Ok I was under the impression that try_cmpxchg() did not carry memory
ordering guarantees (i.e., I thought it was try_cmpxchg_relaxed()).
Sorry....

So the way I would write this is with try_cmpxchg_relaxed() in the
loop and then smp_rmb() after we break out of the loop, at least for
the `old_val != 0` case. Kinda like this [4].

Did you really want try_cmpxchg(), not try_cmpxchg_relaxed()?

Just comparing against bit_spin_lock, test_and_set_bit_lock()
documents the requirement for acquire barrier semantics[5].

[4]: https://elixir.bootlin.com/linux/v6.10.9/source/kernel/locking/rtmutex.c#L253
[5]: https://elixir.bootlin.com/linux/v6.10.9/source/include/asm-generic/bitops/instrumented-lock.h#L51

>
> > > For the !old_val case, there is a address/data dependency that can't be broken by
> > > the CPU without violating the x86 memory model (all future actions with relevant
> > > memory loads depend on rmap_head->val being non-zero).  And AIUI, in the Linux
> > > kernel memory model, READ_ONCE() is responsible for ensuring that the address
> > > dependency can't be morphed into a control dependency by the compiler and
> > > subsequently reordered by the CPU.
> > >
> > > I.e. even if this were arm64, ignoring the LOCK CMPXCHG path for the moment, I
> > > don't _think_ an smp_{r,w}mb() pair would be needed, as arm64's definition of
> > > __READ_ONCE() promotes the operation to an acquire.
> > >
> > > Back to the LOCK CMPXCHG path, KVM_RMAP_LOCKED implements a rudimentary spinlock,
> > > hence my smp_mb__after_spinlock() suggestion.  Though _because_ it's a spinlock,
> > > the rmaps are fully protected by the critical section.
> >
> > I feel like a spinlock must include the appropriate barriers for it to
> > correctly function as a spinlock, so I'm not sure I fully understand
> > what you mean here.
>
> On TSO architectures, the atomic _is_ the barrier.  E.g. atomic_try_cmpxchg_acquire()
> eventually resolves to atomic_try_cmpxchg() on x86.

Yeah I'm with you here.

> And jumping back to the
> "we don't have the usual memory ordering restrictions that come with a spinlock",
> x86's virt_spin_lock() uses atomic_try_cmpxchg().  So while using the acquire
> variant here is obviously not wrong, it also feels somewhat weird.

Yeah that's fine. atomic_try_cmpxchg() is at least as strong as
atomic_try_cmpxchg_acquire(), so there is no issue.

But if virt_spin_lock() were written to use
atomic_try_cmpxchg_relaxed() (and nothing else) instead, then you'd
complain right?
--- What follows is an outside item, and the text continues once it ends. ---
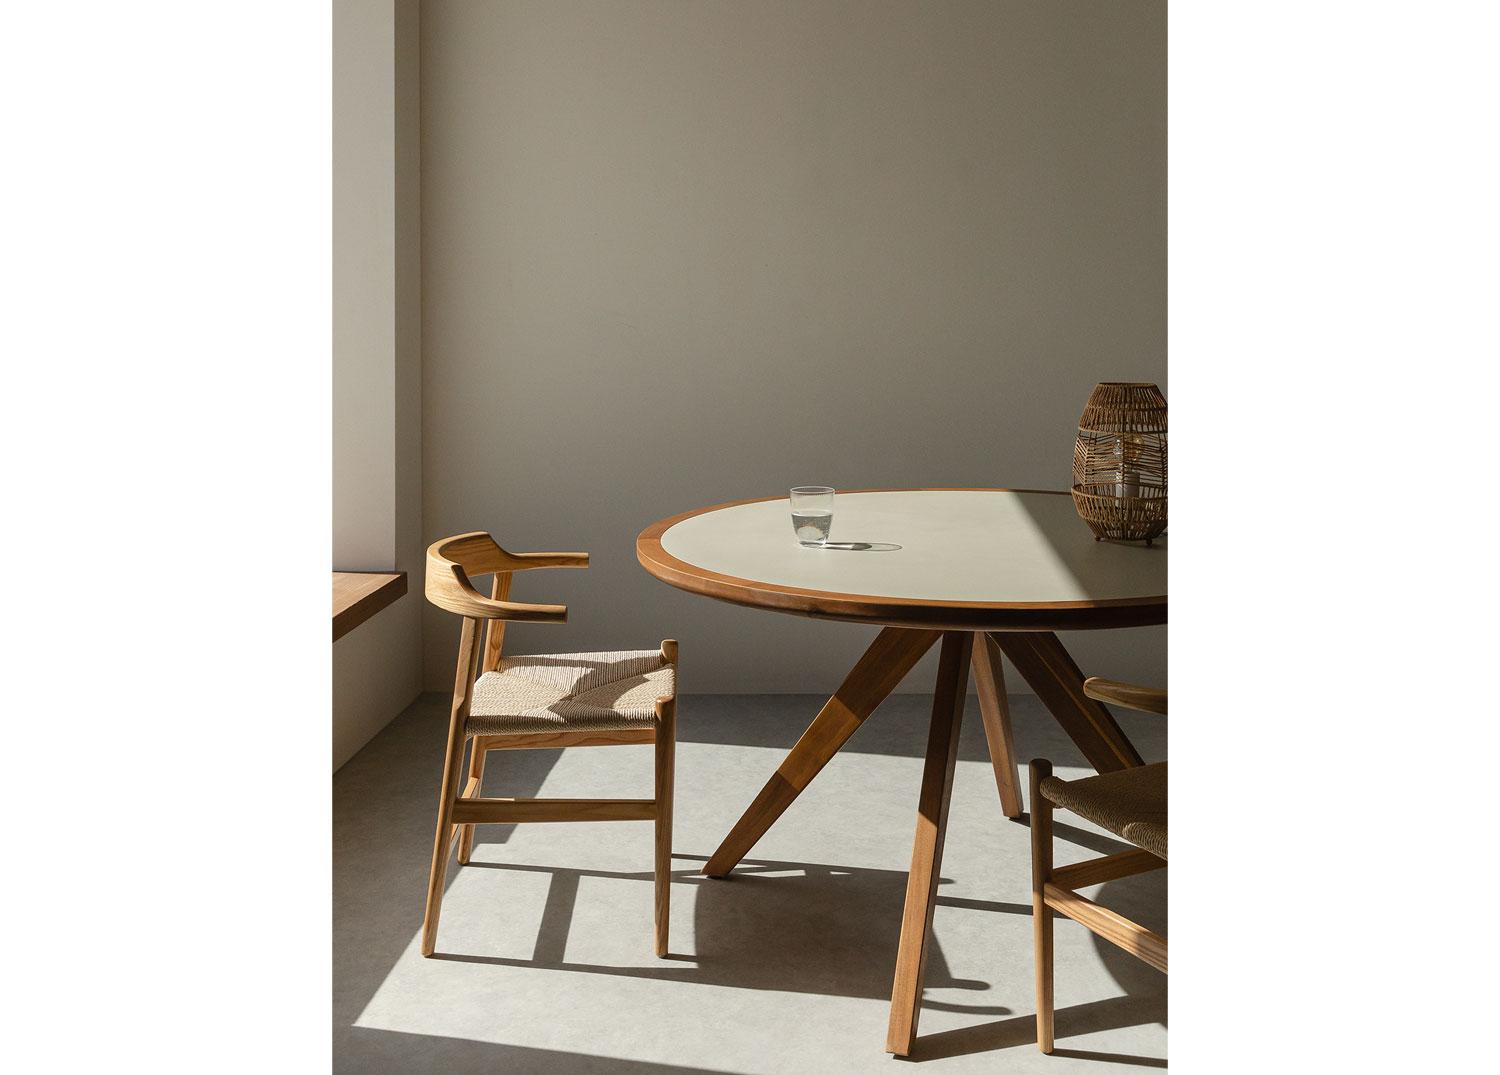 ETHNICRAFT tavolo rettangolare BOK (140 x 80 x 76 cm - Rovere

It would work on x86 (I think?), but it's not written
properly! That's basically what I'm saying in this thread.

> Though some
> of that is undoubtedly due to explicit "acquire" semantics being rather rare in
> x86.
>
> > > And for the SPTEs, there is no required ordering.  The reader (aging
> > > thread) can observe a !PRESENT or a PRESENT SPTE, and must be prepared for
> > > either.  I.e. there is no requirement that the reader observe a PRESENT
> > > SPTE if there is a valid rmap.
> >
> > This makes sense.
> >
> > > So, unless I'm missing something, I would prefer to not add a smp_mb__after_spinlock(),
> > > even though it's a nop on x86 (unless KCSAN_WEAK_MEMORY=y), because it suggests
> > > an ordering requirement that doesn't exist.
> >
> > So we have: the general kvm_rmap_lock() and the read-only
> > kvm_rmap_lock_readonly(), as introduced by the next patch[2]. I'll use
> > those names (sorry if it's confusing).
> >
> > For kvm_rmap_lock(), we are always holding mmu_lock for writing. So
> > any changes we make to the rmap will be properly published to other
> > threads that subsequently grab kvm_rmap_lock() because we had to
> > properly release and then re-acquire mmu_lock, which comes with the
> > barriers I'm saying we need.
> >
> > For kvm_rmap_lock_readonly(), we don't hold mmu_lock, so there is no
> > smp_rmb() or equivalent. Without an smp_rmb() somewhere, I claim that
> > it is possible that there may observe external changes to the
> > pte_list_desc while we are in this critical section (for a
> > sufficiently weak architecture). The changes that the kvm_rmap_lock()
> > (mmu_lock) side made were half-published with an smp_wmb() (really
> > [3]), but the read side didn't use a load-acquire or smp_rmb(), so it
> > hasn't held up its end of the deal.
> >
> > I don't think READ_ONCE() has the guarantees we need to be a
> > sufficient replacement for smp_rmb() or a load-acquire that a real
> > lock would use, although I agree with you that, on arm64, it
> > apparently *is* a sufficient replacement.
> >
> > Now this isn't a problem if the kvm_rmap_lock_readonly() side can
> > tolerate changes to pte_list_desc while in the critical section. I
> > don't think this is true (given for_each_rmap_spte_lockless),
> > therefore an smp_rmb() or equivalent is (technically) needed.
> >
> > Am I confused?
>
> Yes, I think so.  kvm_rmap_lock_readonly() creates a critical section that prevents
> any pte_list_desc changes.  rmap_head->val, and every pte_list_desc that is pointed
> at by rmap_head->val in the KVM_RMAP_MULTI case, is protected and cannot change.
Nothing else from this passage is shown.